▶ **Brief**: The reply should consist solely of the lines from the one that holds "Nightmare Before Christmas Pumpkin Carving" through the last line of the material, reproduced exactly; no pictures belong in it.

[Data excerpt — start]

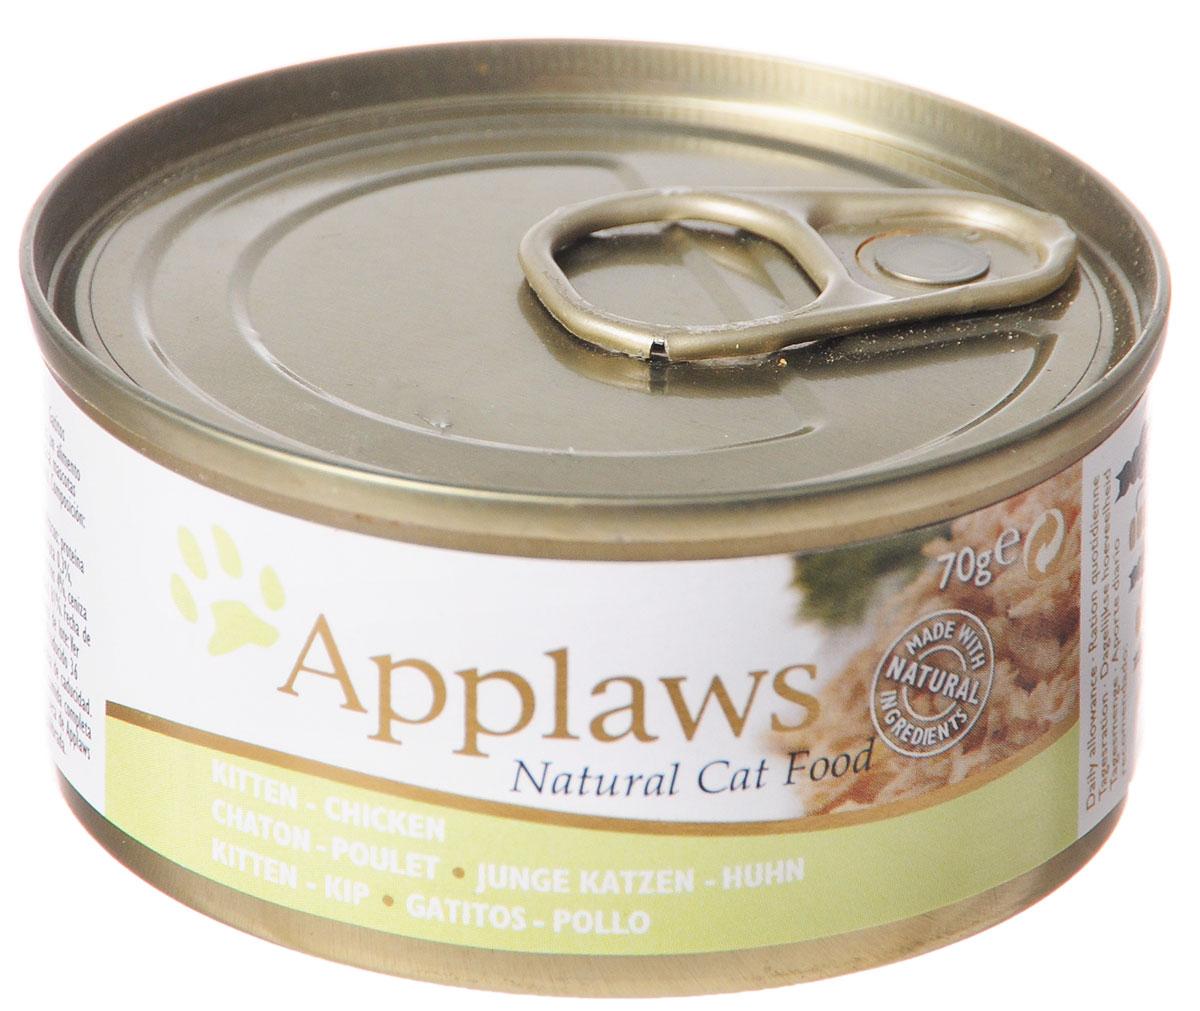 Консервы для котят Applaws, с курицей, 70 г24325Каждая баночка Applaws содержит порцию свежего мяса, приготовленного в собственном бульоне. Для приготовления любого типа консервов используется мясо животных свободного выгула, выращенных на фермах Англии. В состав каждого рецепта входит только три/четыре основных ингредиента и ничего более. Не содержит ГМО, синтетических консервантов или красителей. Не содержит вкусовых добавок. Состав: филе куриной грудки 28%, рис, минералы. Анализ: белок 11%, клетчатка 0,3%, жиры 4%, зола 2%, влага 81%. Товар сертифицирован.
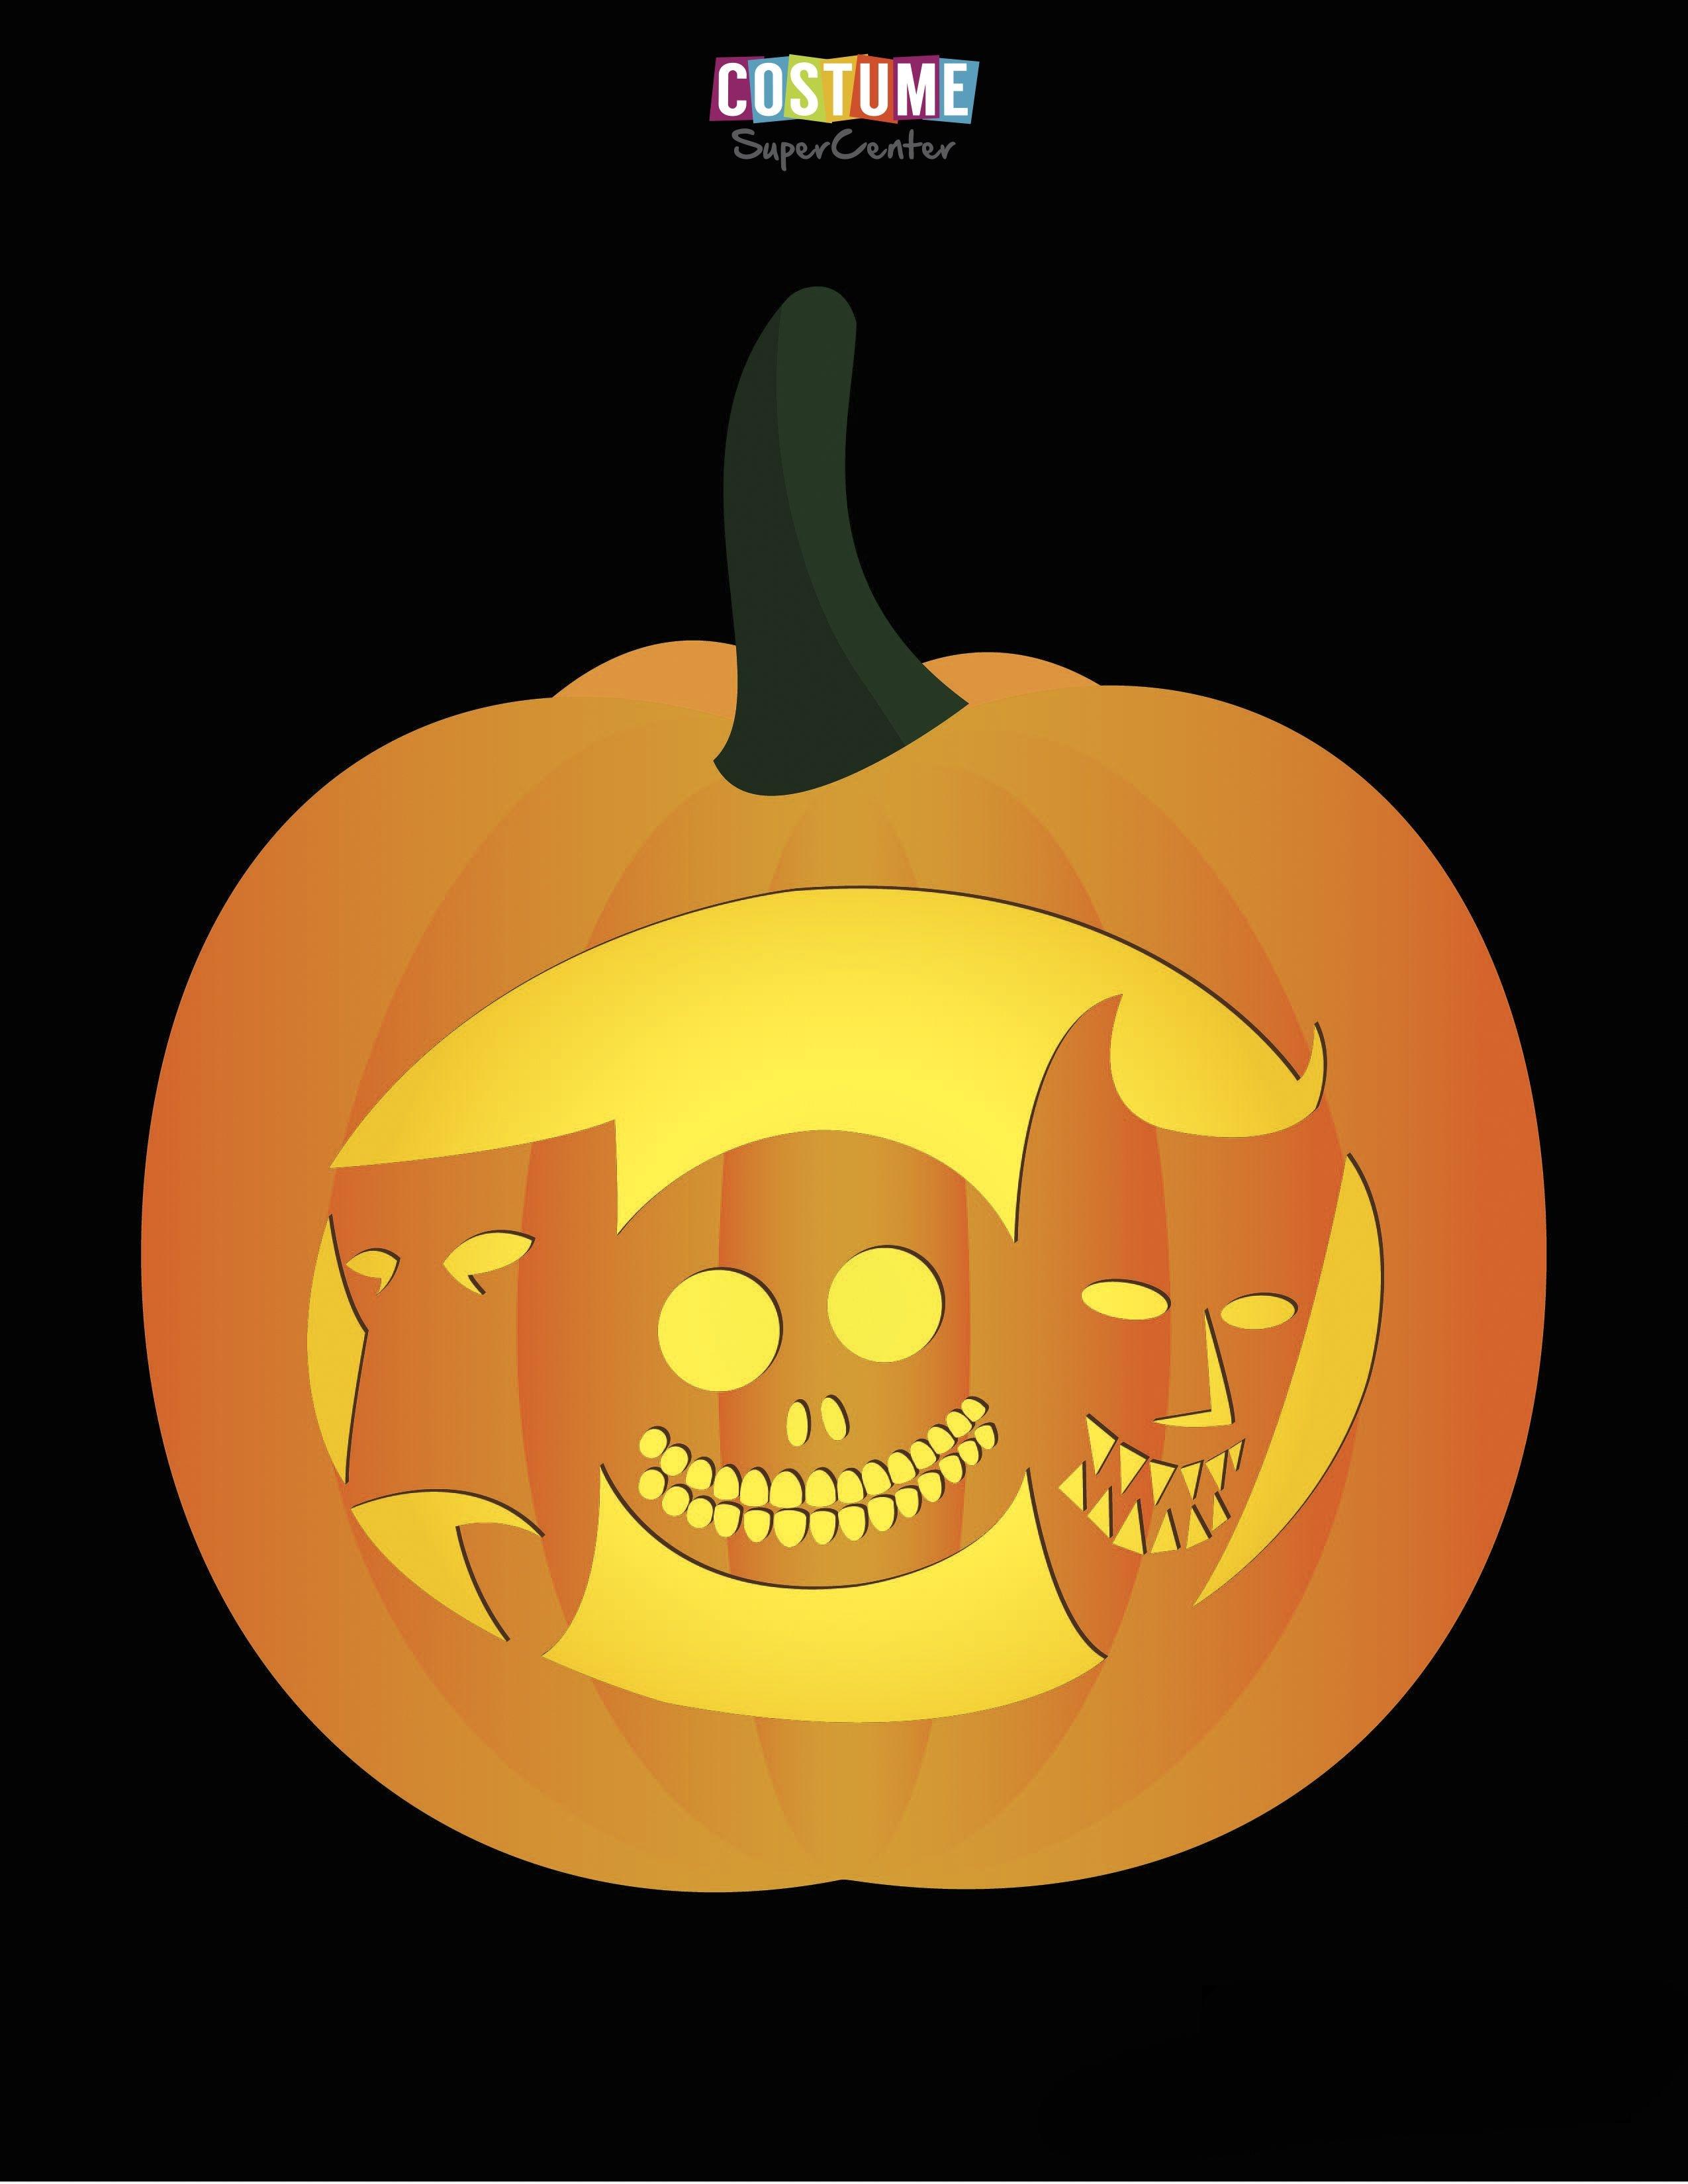 Nightmare Before Christmas Pumpkin Carving Stencils | Jack - Free Printable Nightmare Before Christmas Pumpkin Stencils
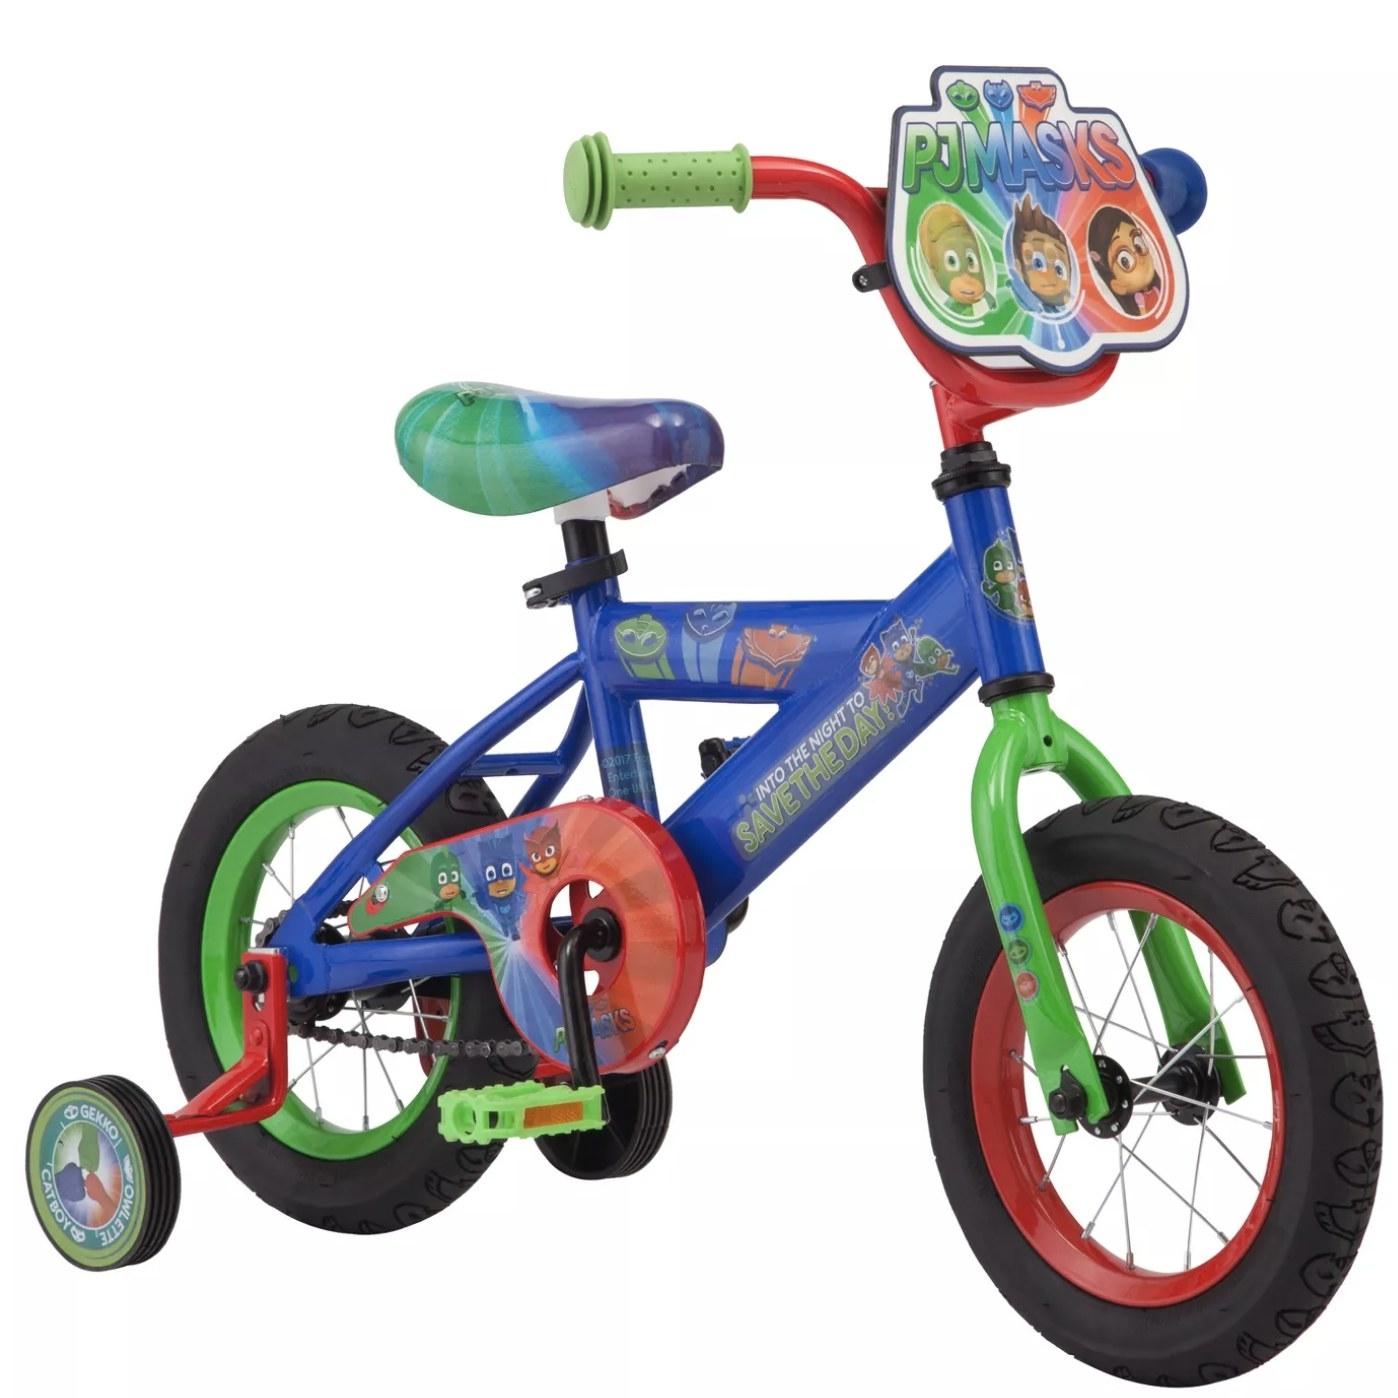 The kid's bike

[Data excerpt — finish]

▶ **Written response**:
 Nightmare Before Christmas Pumpkin Carving Stencils | Jack - Free Printable Nightmare Before Christmas Pumpkin Stencils
 The kid's bike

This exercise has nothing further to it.